══ Data shown
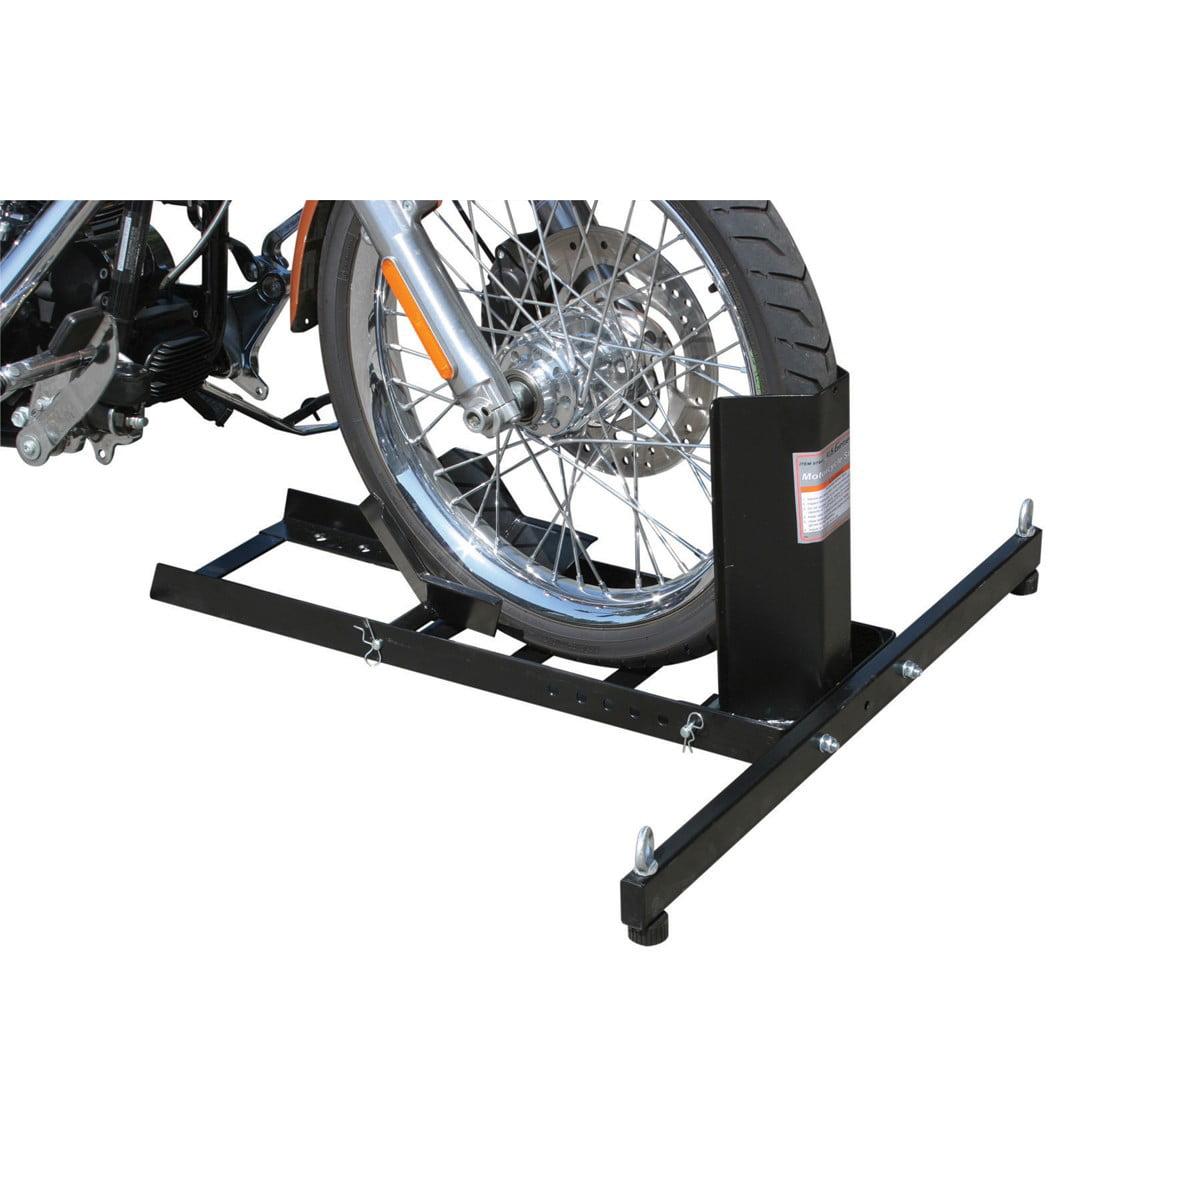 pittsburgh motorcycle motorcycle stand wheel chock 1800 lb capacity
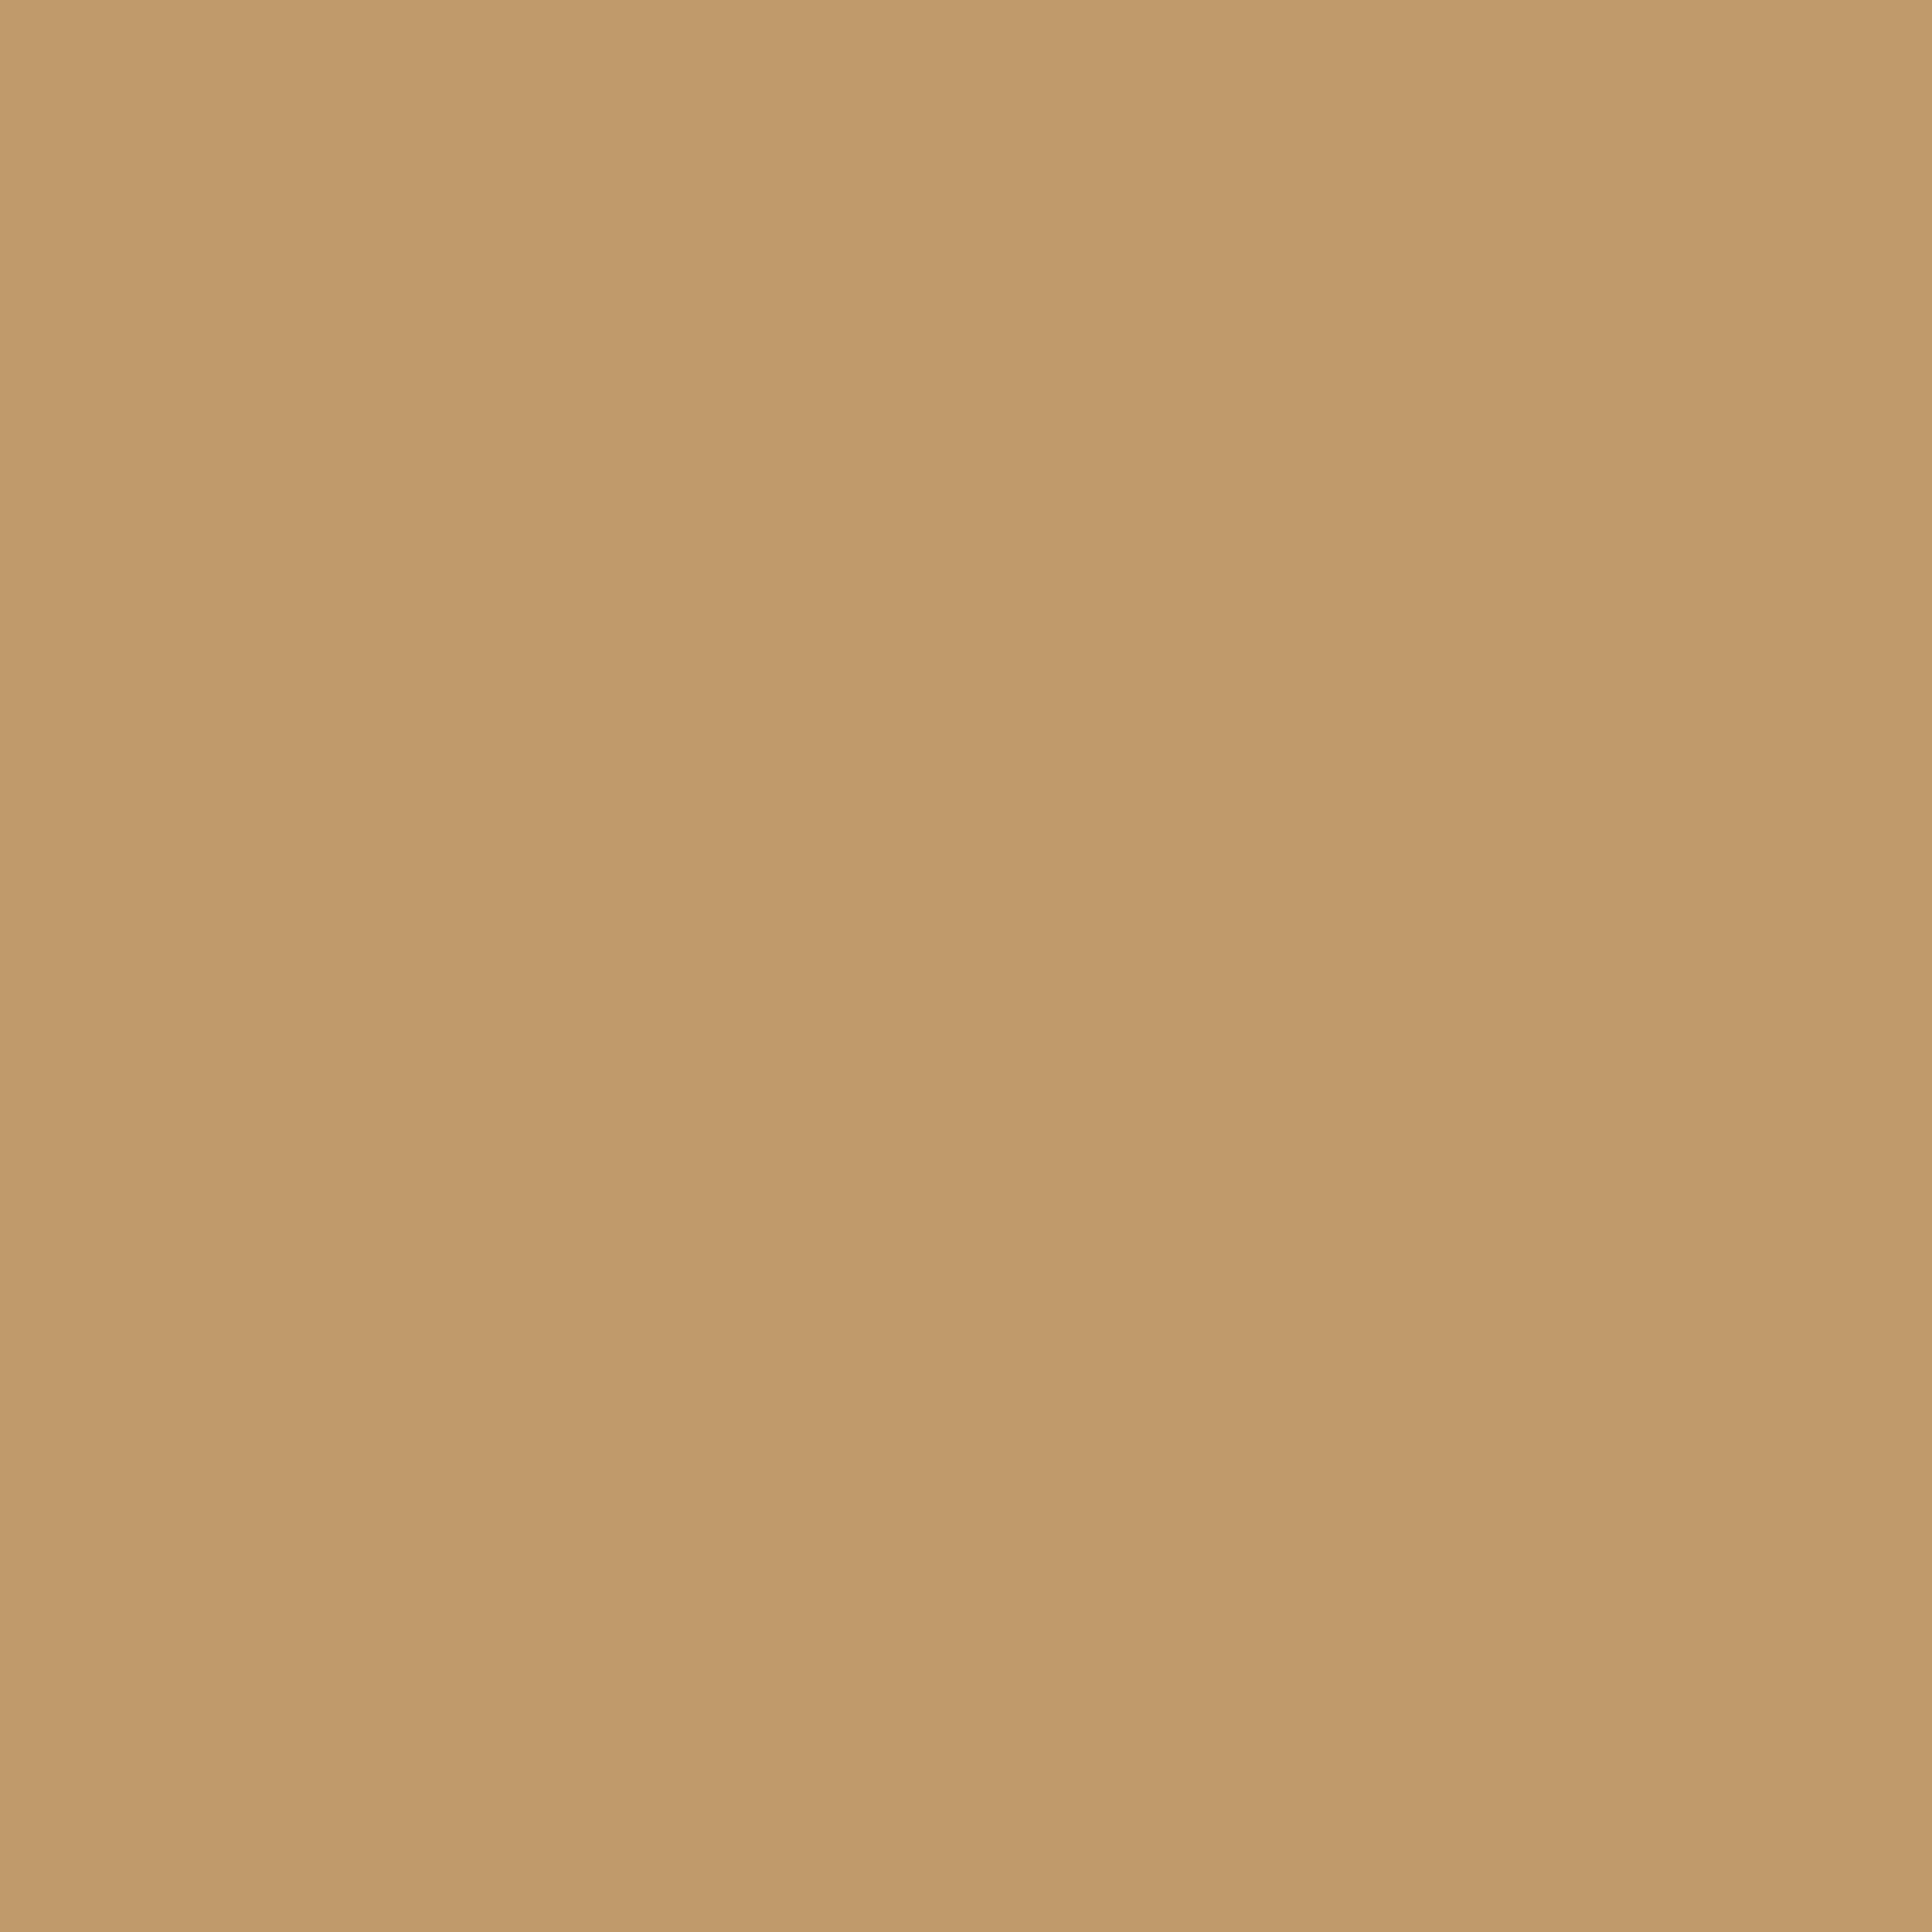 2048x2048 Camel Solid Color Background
════
══ Data shown
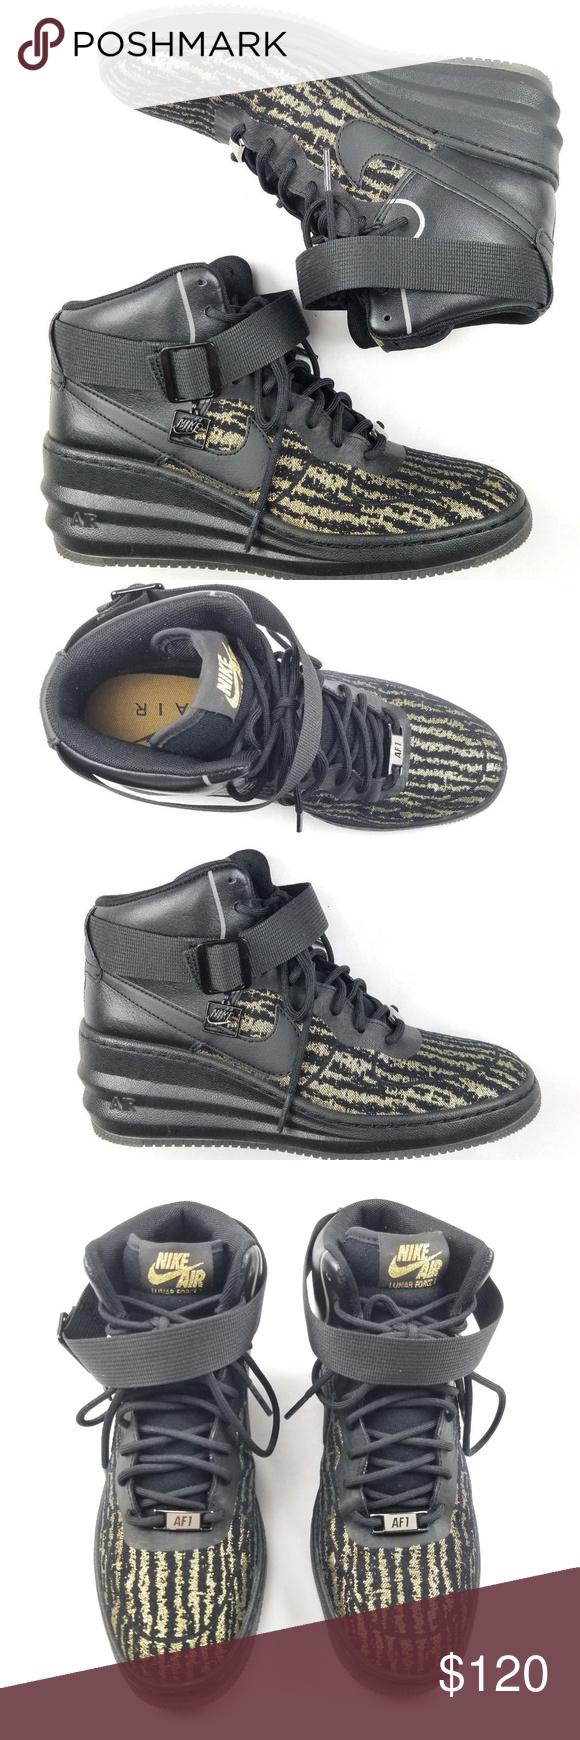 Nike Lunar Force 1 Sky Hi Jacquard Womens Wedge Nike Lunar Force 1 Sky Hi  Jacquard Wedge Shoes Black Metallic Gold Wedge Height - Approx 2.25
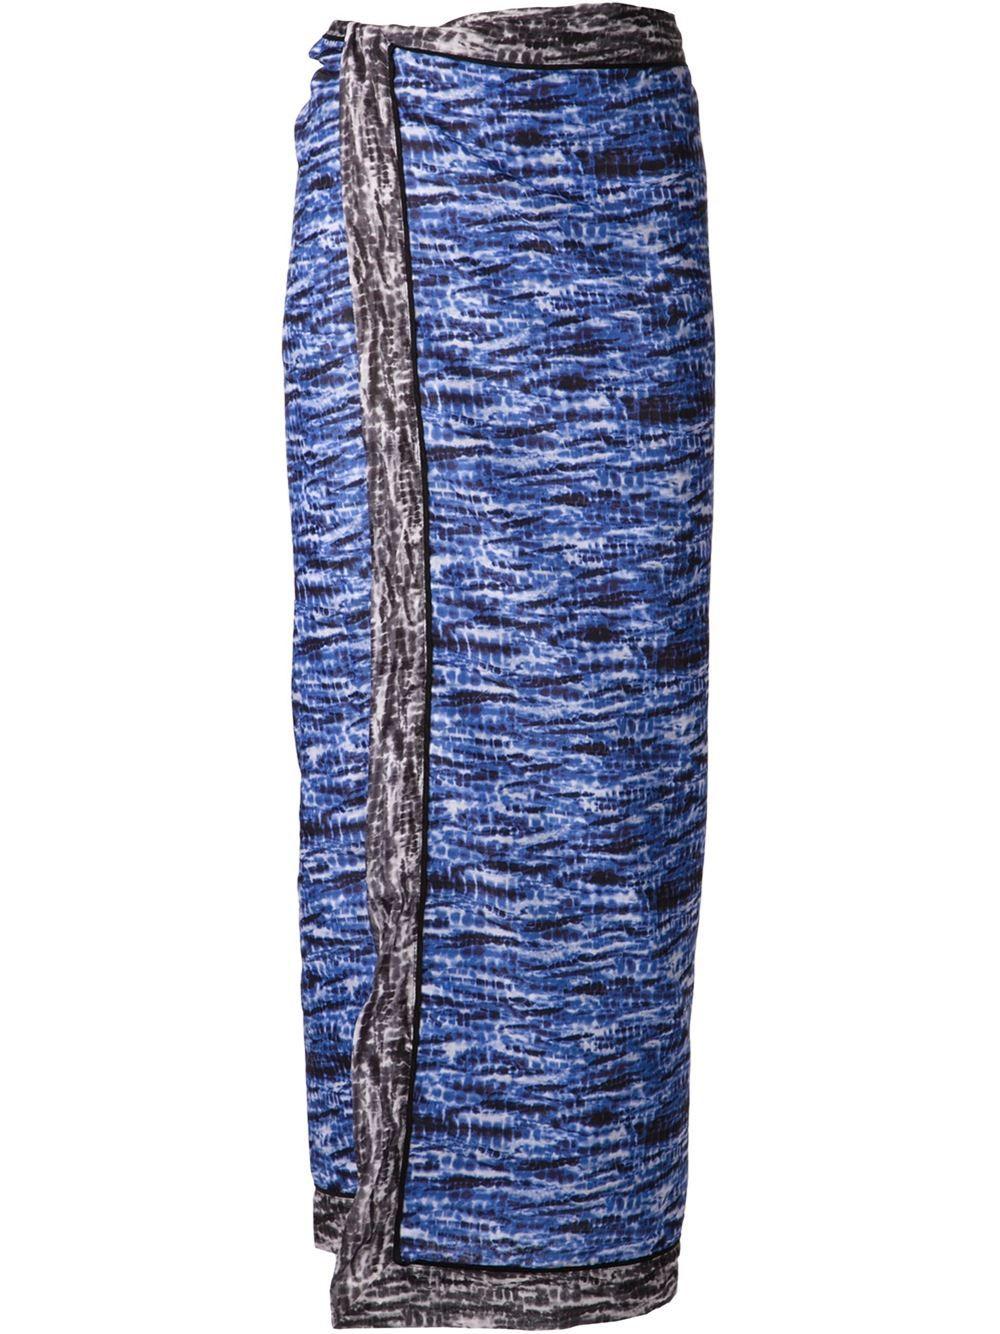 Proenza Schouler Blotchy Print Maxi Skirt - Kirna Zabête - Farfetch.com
════
▸ Problem requirements: Please output the lines above beginning at the line with "pittsburgh motorcycle motorcycle" and ending after the line with "2048x2048 Camel Solid Color Background", precisely as written and with no pictures.

▸ Answer for the task:
 pittsburgh motorcycle motorcycle stand wheel chock 1800 lb capacity
 2048x2048 Camel Solid Color Background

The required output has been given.